TASK TO COMPLETE :: The reply should match the listing below character for character, except that no image is carried over.

INFORMATION PROVIDED ::
--------------------------------

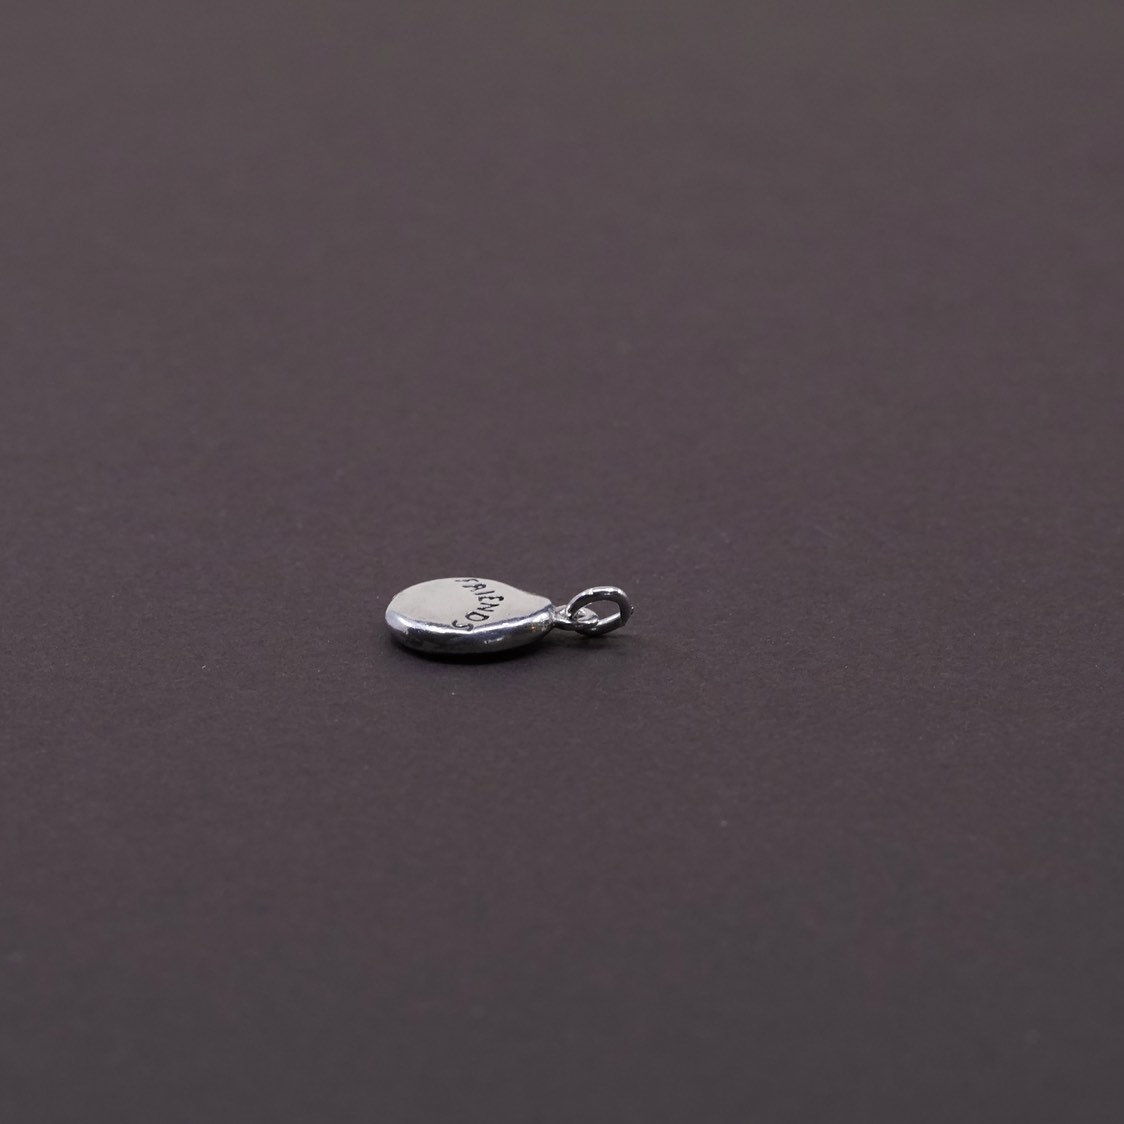 vtg Sterling silver handmade charm, 925 "best friend" charm pendant
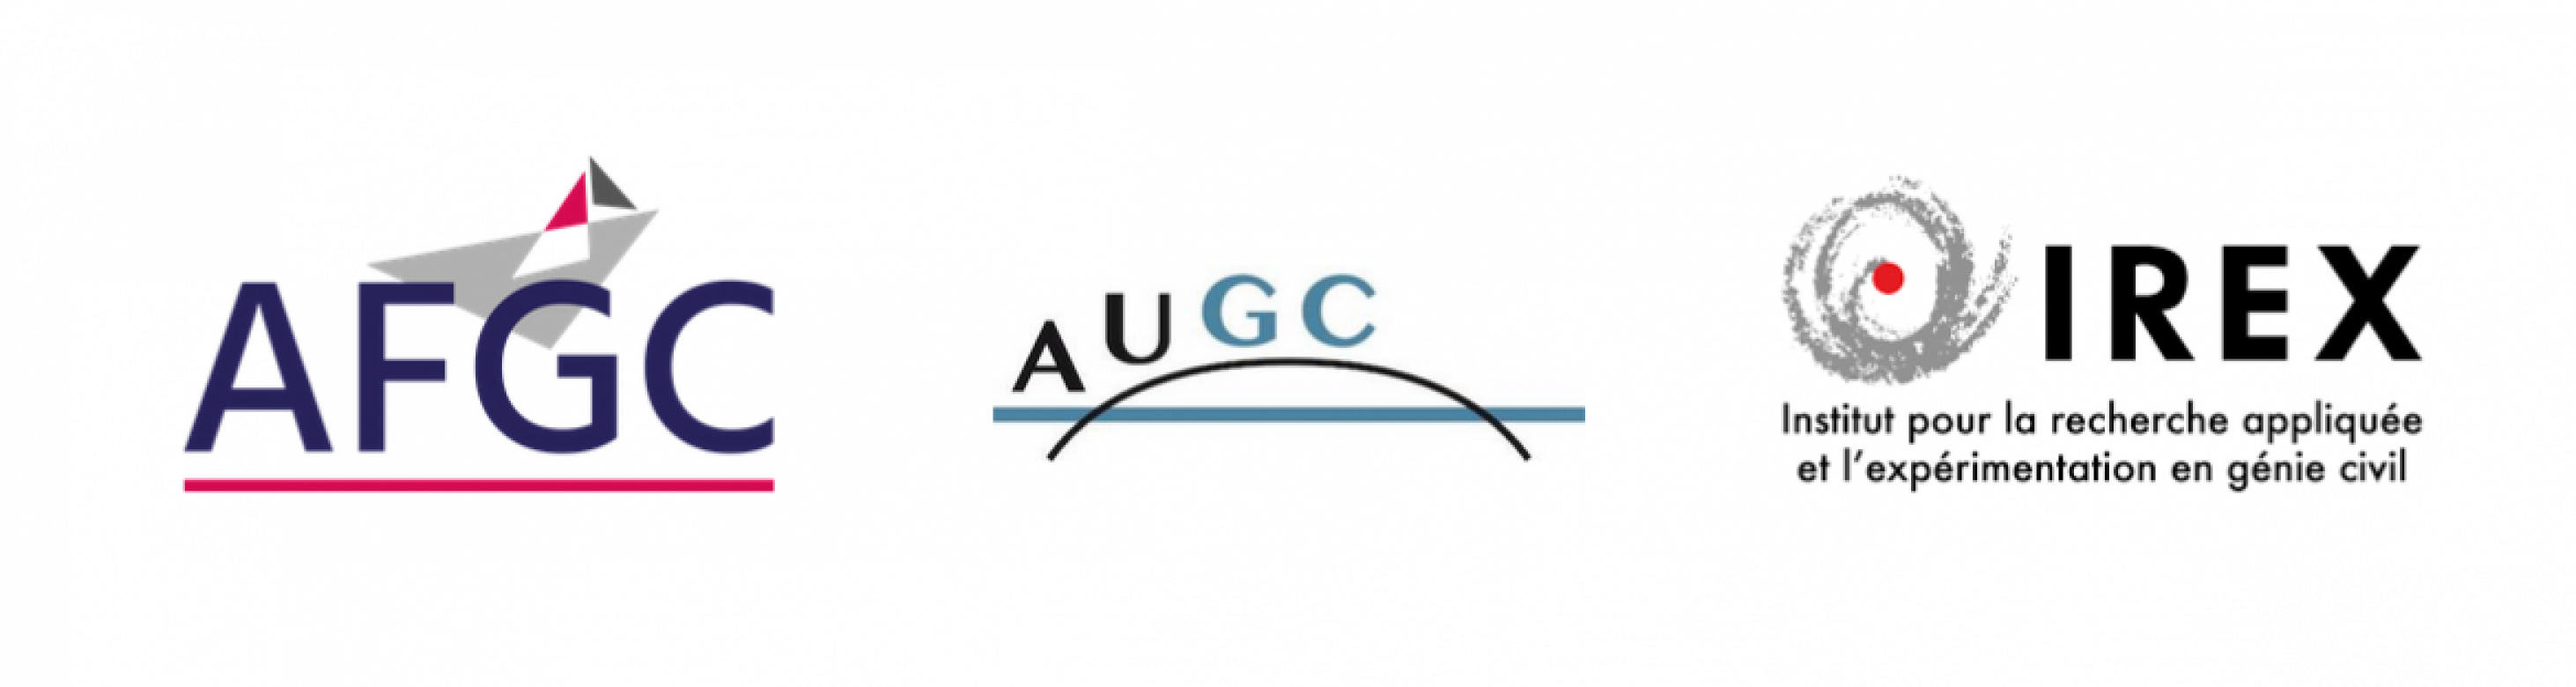 Logo AFGC AUGC IREX
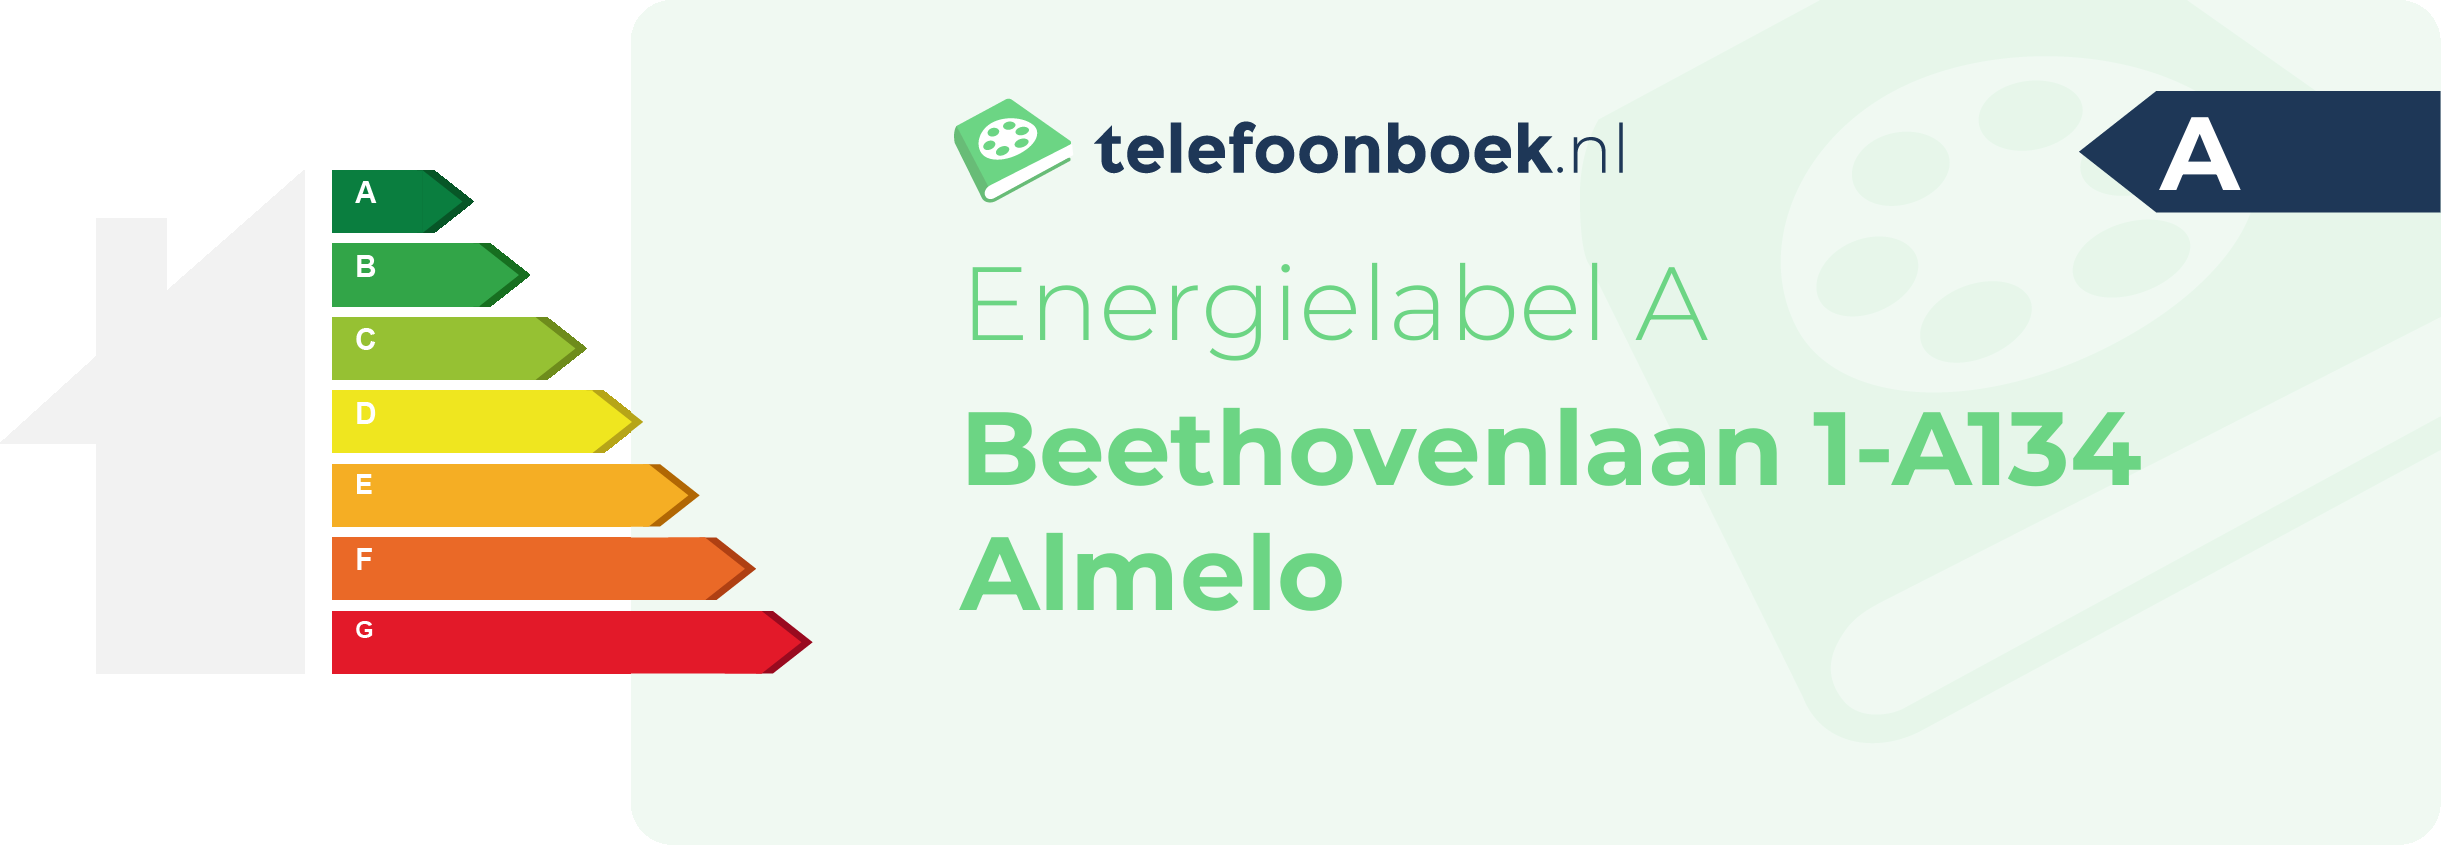 Energielabel Beethovenlaan 1-A134 Almelo

--------------------------------

RESPONSE AREA ::
 vtg Sterling silver handmade charm, 925 "best friend" charm pendant
 Logo AFGC AUGC IREX
 Energielabel Beethovenlaan 1-A134 Almelo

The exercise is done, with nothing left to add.